Rising tourist volume is redirecting interest to large hotel construction. Taipei has three hostelries of more than 300 rooms and scores of small ones. Many new hotels have been opened in the last two years but none in the 300-room and larger category. At least two hotels of 500 or more rooms are under consideration, one across from the railroad station in the downtown section and the other across the street from the Mandarin Hotel near the airport. Tourist consultants have pointed out that many travelers like big hotels where every facility is available and service is standardized at a high level. International hotel operators are showing interest in Taipei.

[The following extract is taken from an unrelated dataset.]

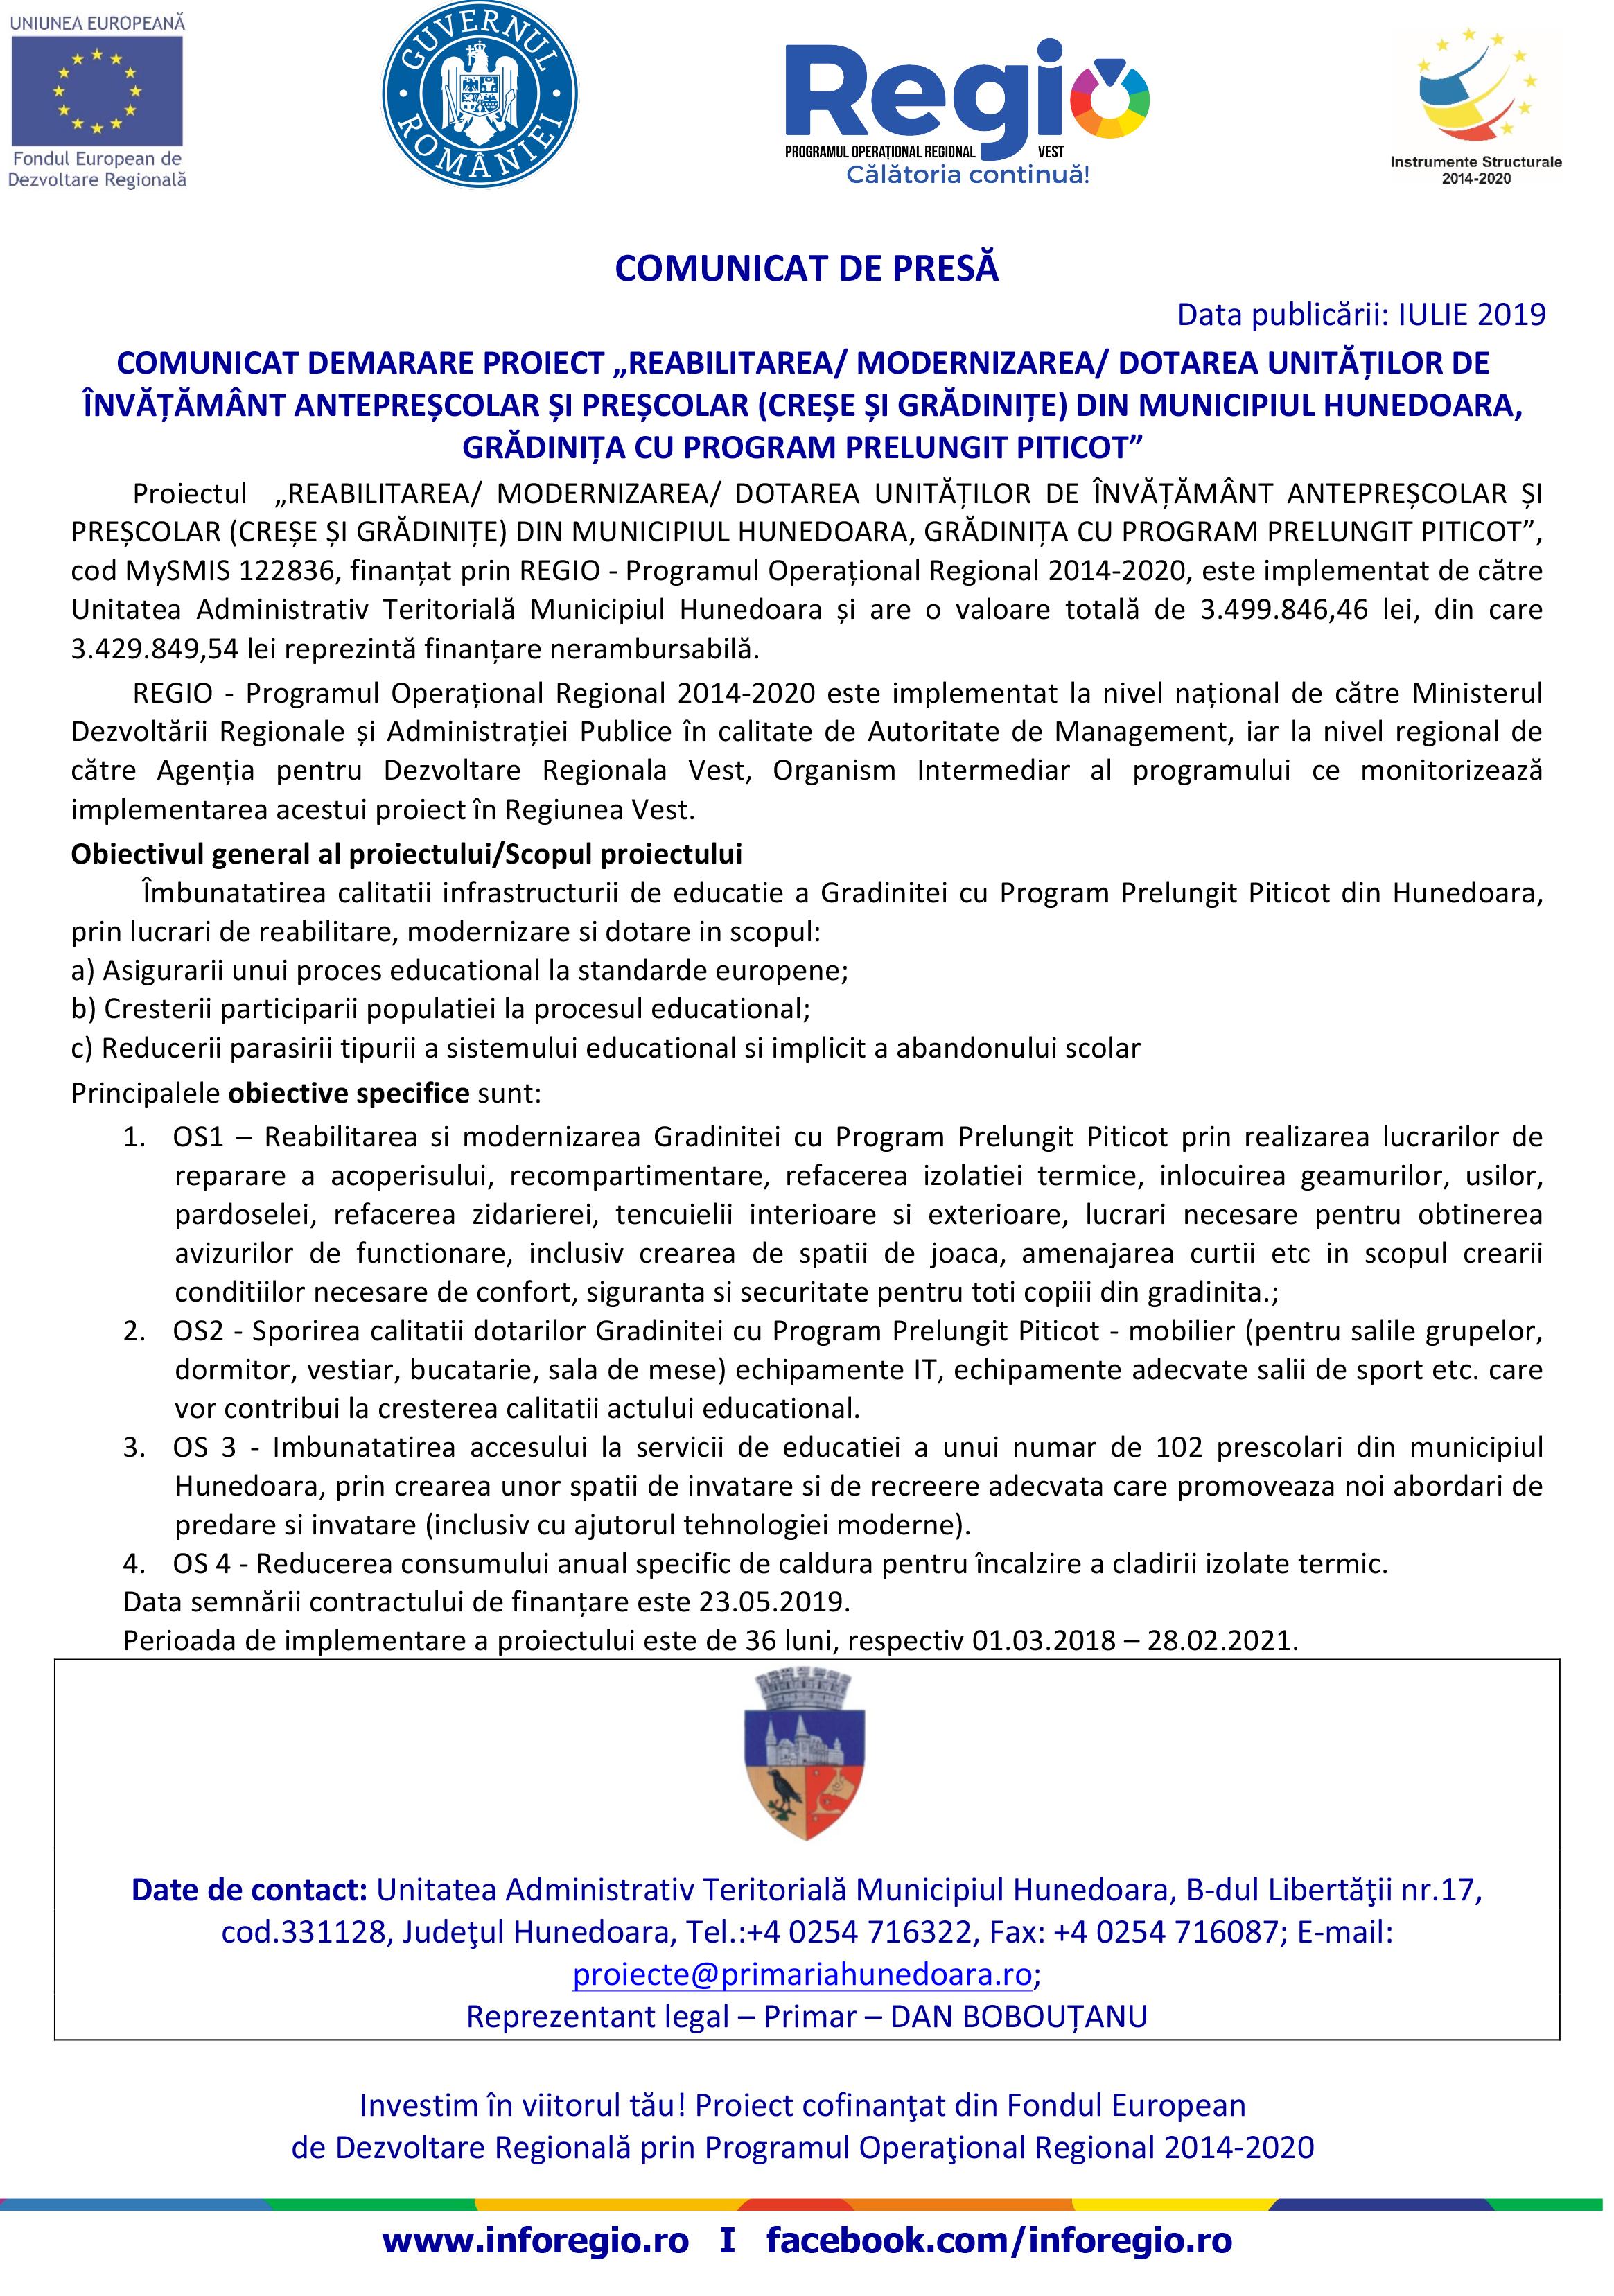 Microsoft Word - Comunicat demarare proiect gradinita.doc

Many other contemplated projects are connected with tourism. One of these calls for the development of Hoping Island at Keelung into a recreation area including an aquatic center and resort hotel at a cost of nearly US$5 million. Tourism optimists say that within the next decade, the money spent by sightseers may become the island's biggest single source of foreign exchange, surpassing textiles.

Taiwan's tourist industry seeks a profit but also is trying to grow in keeping with Confucius' observation that greeting friends from afar is one of life's greatest pleasures. Chinese hospitality is the most frequent answer when departing visitors are asked what they liked best about Taiwan.